Limitations & Future Work

  • Defining "formalization correctness" is inherently difficult—it often depends on whether it impedes the proof process (e.g., explicit domain declarations), a vagueness that poses challenges for both training and evaluation.
  • Full automation for practical deployment remains distant; Gaokao-Formal is limited to exam-style problems, with fewer extreme cases in geometry or combinatorics.
  • While the method is principles-based and transferable to Isabelle or Coq, it has only been validated on Lean 4.
  • Formal Theorem Proving (F2F): Models like DeepSeek-Prover-V2 assume formal inputs; Mathesis fills the "starting from NL" gap. Unlike Lego-Prover, which requires informal proof drafts, Mathesis is fully automated from NL statements.
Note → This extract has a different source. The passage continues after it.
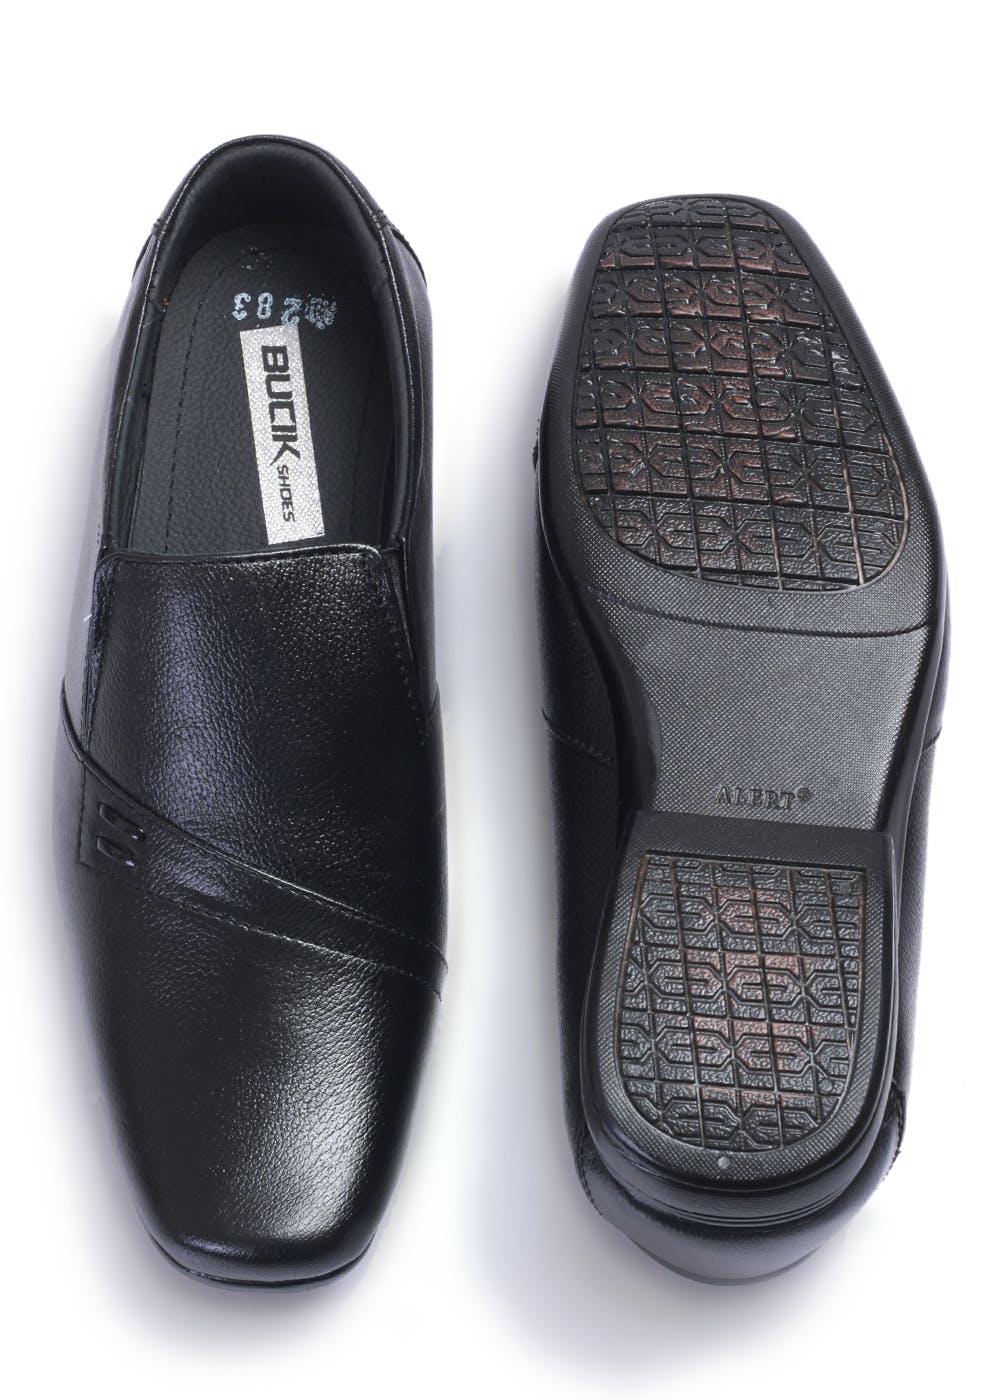 GUCCI Vintage Black Leather Square Toe Loafer Slingback Heels  eBay

  • Autoformalization: Moving beyond prompting and static SFT (e.g., Kimina-Autoformalizer), Mathesis is the first to introduce online RL with prover feedback.
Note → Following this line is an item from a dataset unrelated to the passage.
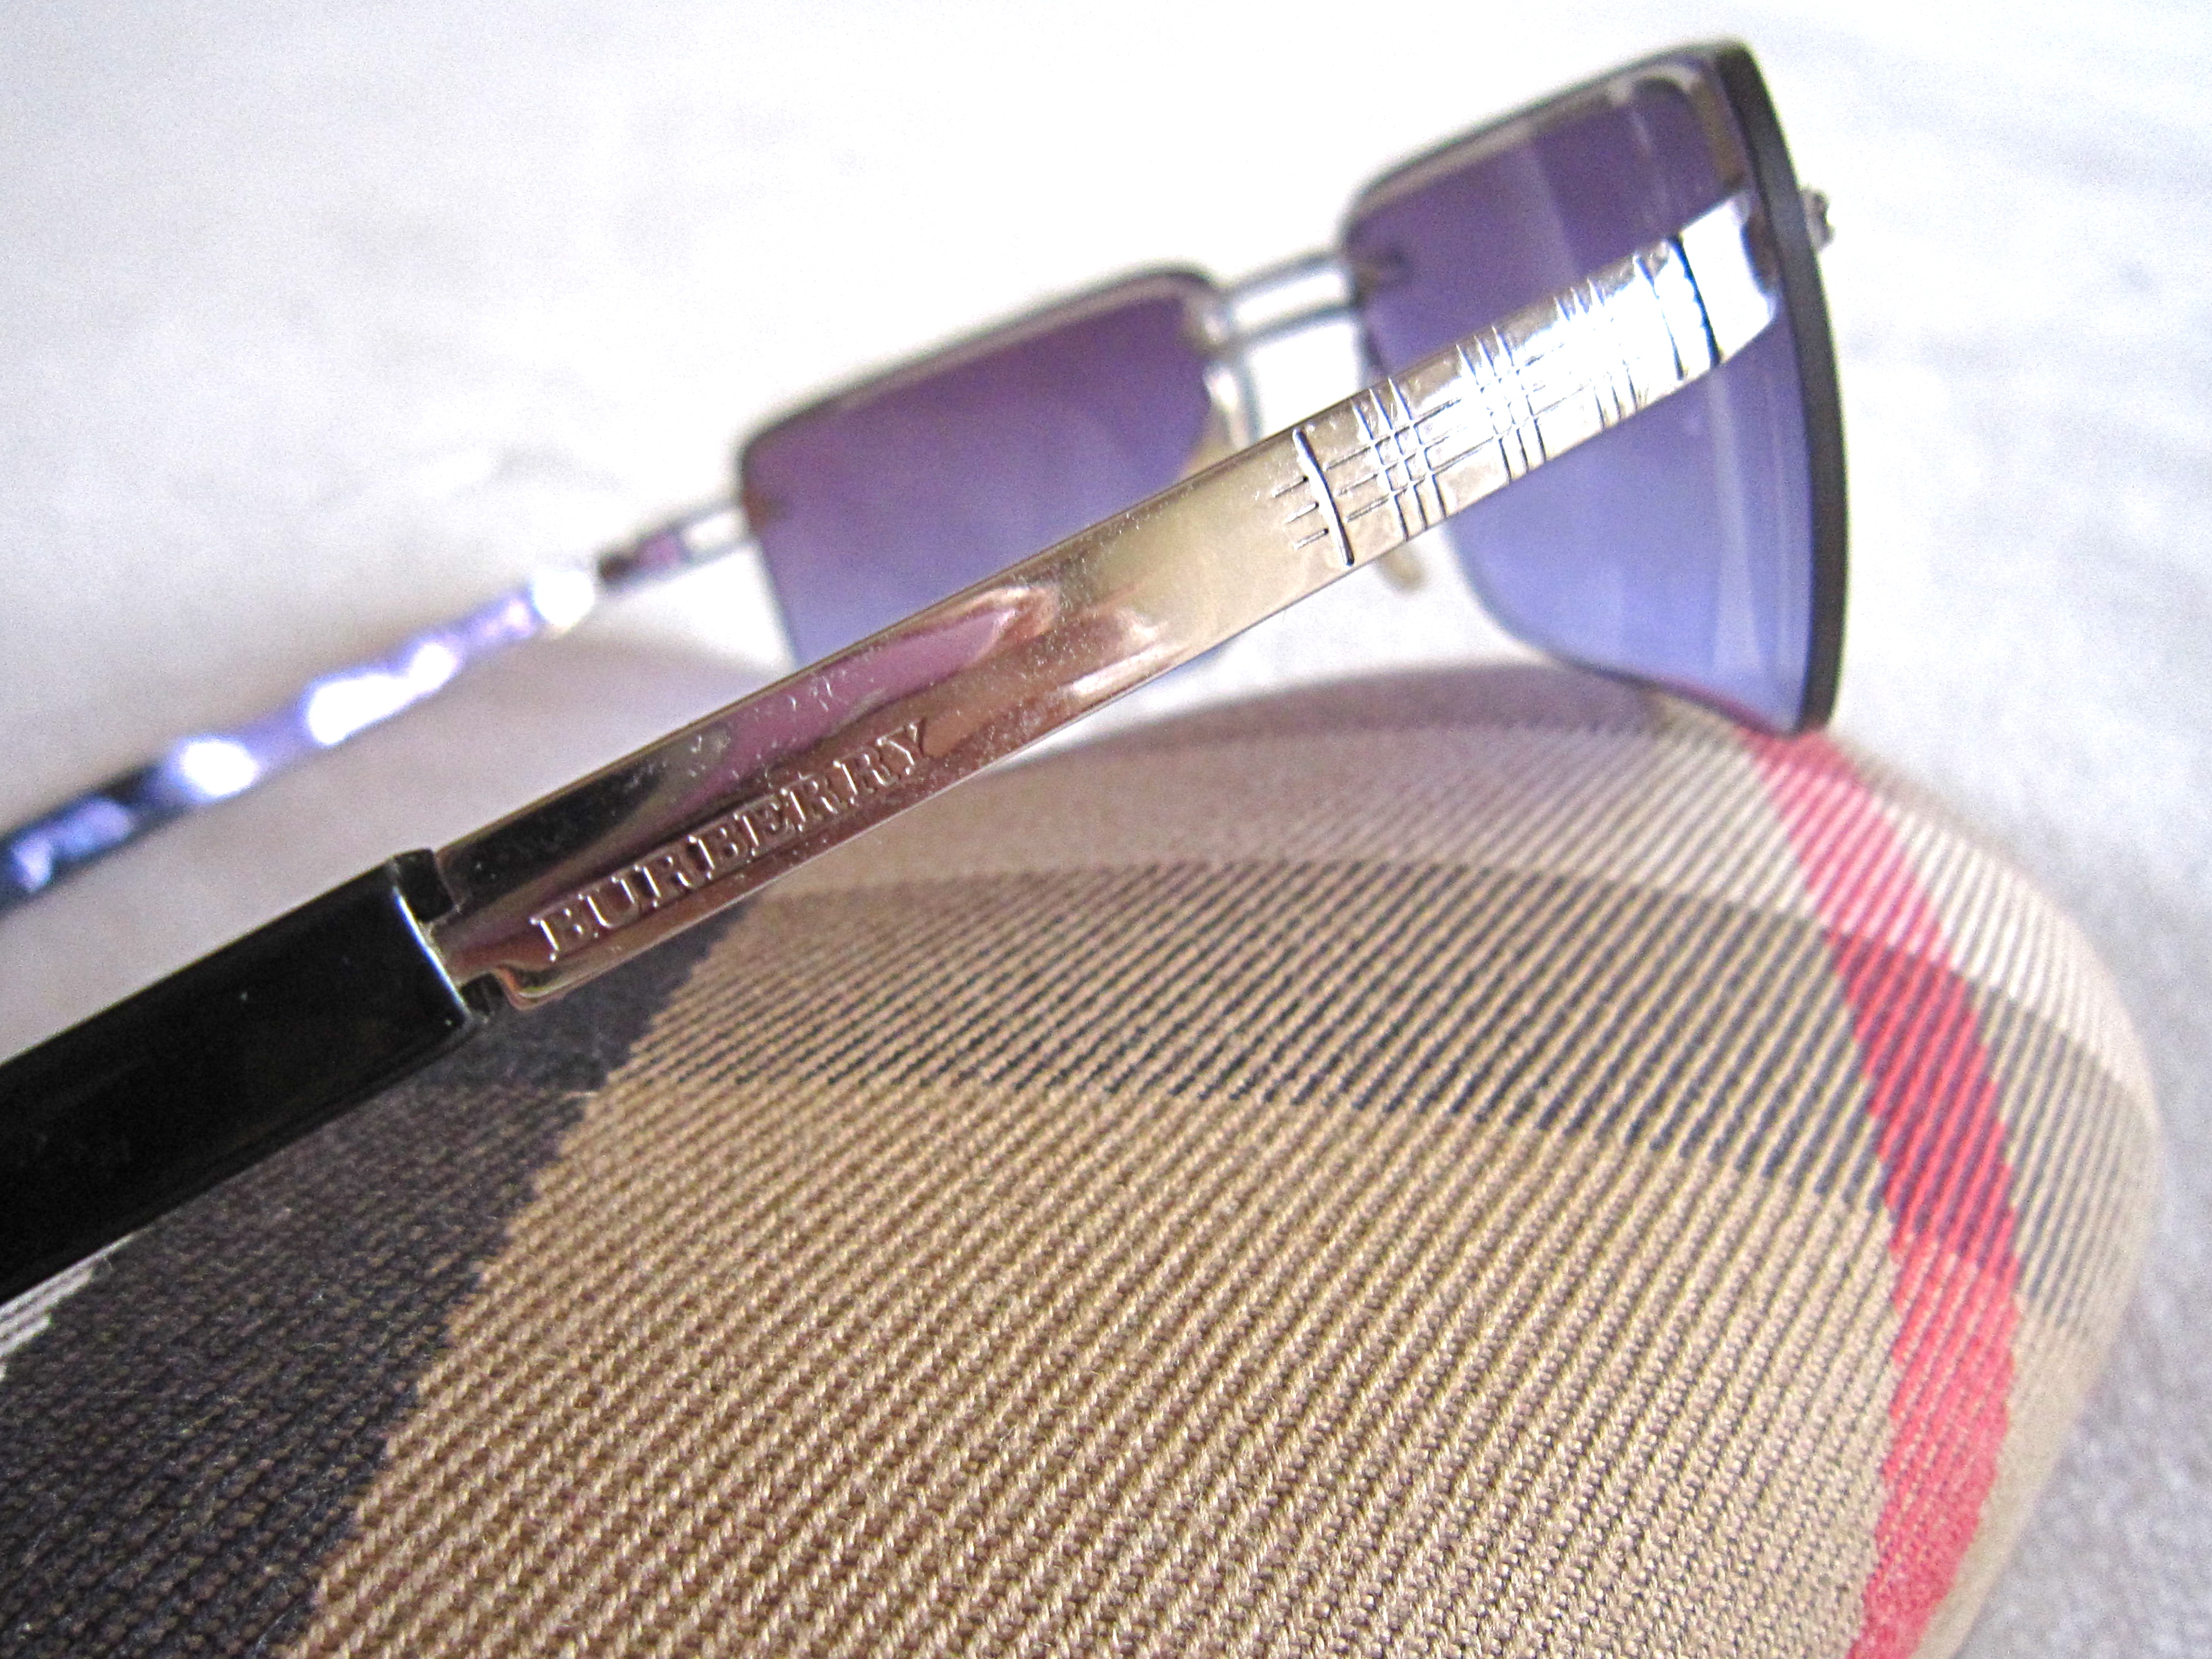 burberry safilo sunglasses

  • Semantic Evaluation: Compared to training-free LLM-as-a-Judge or the training-based FormalAlign, LeanScorer provides finer granularity and robustness via sub-task decomposition and fuzzy integration.
  • Insight: When the "final goal" is hard to supervise directly (proof success) but cheap proxy signals exist (compilation, semantic checks), a "multi-signal composite reward + hierarchical RL alignment" represents a highly reproducible path for complex reasoning tasks.

Rating

  • Novelty: ⭐⭐⭐⭐ First autoformalizer trained using online RL (with prover feedback); LeanScorer’s fuzzy integral and Gaokao-Formal are significant contributions.
  • Experimental Thoroughness: ⭐⭐⭐⭐ Covers MiniF2F, Putnam, and Gaokao; tests multiple provers and includes detailed ablations; missing cross-assistant validation is a minor detractor.
  • Writing Quality: ⭐⭐⭐⭐ Clearly defined tasks; intuitive diagrams; organized tables.
  • Value: ⭐⭐⭐⭐ Pushes formal reasoning towards real-world natural language problems and clearly identifies the formalization bottleneck.